Karbwang 1992 THA

Methods	Trial design: RCT Trial dates: May to December 1991
Participants	Number of participants: 26 adults aged 15 to 45 years enrolled Inclusion criteria: Patients with severe falciparum malaria (WHO definition) with no history of antimalarials within 24 hours prior to admission, aged between 15 to 45 years and weighed 45 to 60kg Exclusion criteria: None stated
Interventions	1. Intramuscular artemether (Arthermin®) Loading dose of 160 mg Followed by 80 mg once daily for six days 2. Intravenous quinine Loading dose of 20 mg/kg Followed by 10 mg/kg eight hourly for seven days Followed by quinine sulphate tablets as soon as oral medication was possible
Outcomes	Outcomes included in the review: Death Coma resolution time Neurological sequelae Fever clearance time Parasite clearance time Adverse effects Outcomes not included in the review: Survival rate Cause of death
Notes	Location: Prapokklao Hospital, Chantaburi, Thailand Transmission: Not stated Funding: Support from United Medical Ltd., Bangkok (provided artemether)
Risk of bias
Bias	Authors' judgement	Support for judgement
Random sequence generation (selection bias)	Unclear risk	"The patients were randomized to receive either quinine or artemether".

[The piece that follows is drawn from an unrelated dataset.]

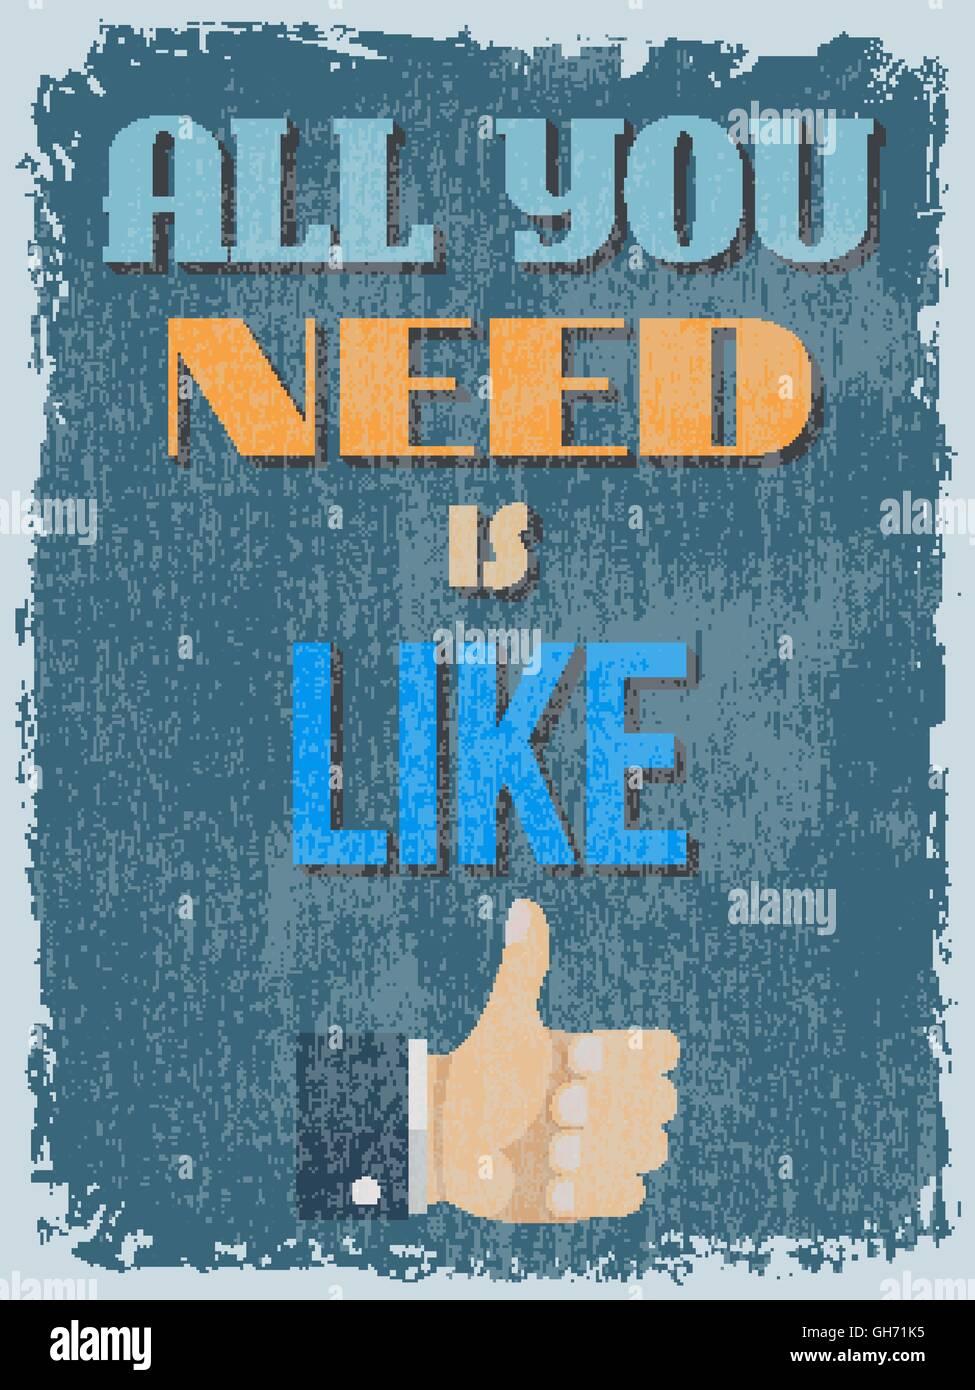 Poster une phrase de motivation. Vintage style. Tout ce qu'il vous faut, c'est comme. Vector illustration Photo Stock

Allocation concealment (selection bias)	Unclear risk	Trial authors provided no information on allocation concealment.
Blinding (performance bias and detection bias) Objective outcome: Death	Low risk	Trial authors provided no information on blinding. However, lack of blinding is unlikely to bias an objective outcome like death.
Blinding (performance bias and detection bias) Subjective outcomes: Others	High risk	Trial authors provided no information on blinding, however it may not be feasible due to different routes of administration for both interventions.
Incomplete outcome data (attrition bias) All outcomes	Low risk	No losses to follow‐up reported.
Selective reporting (reporting bias)	Low risk	No evidence of selective reporting.
Other bias	Low risk	No other bias identified.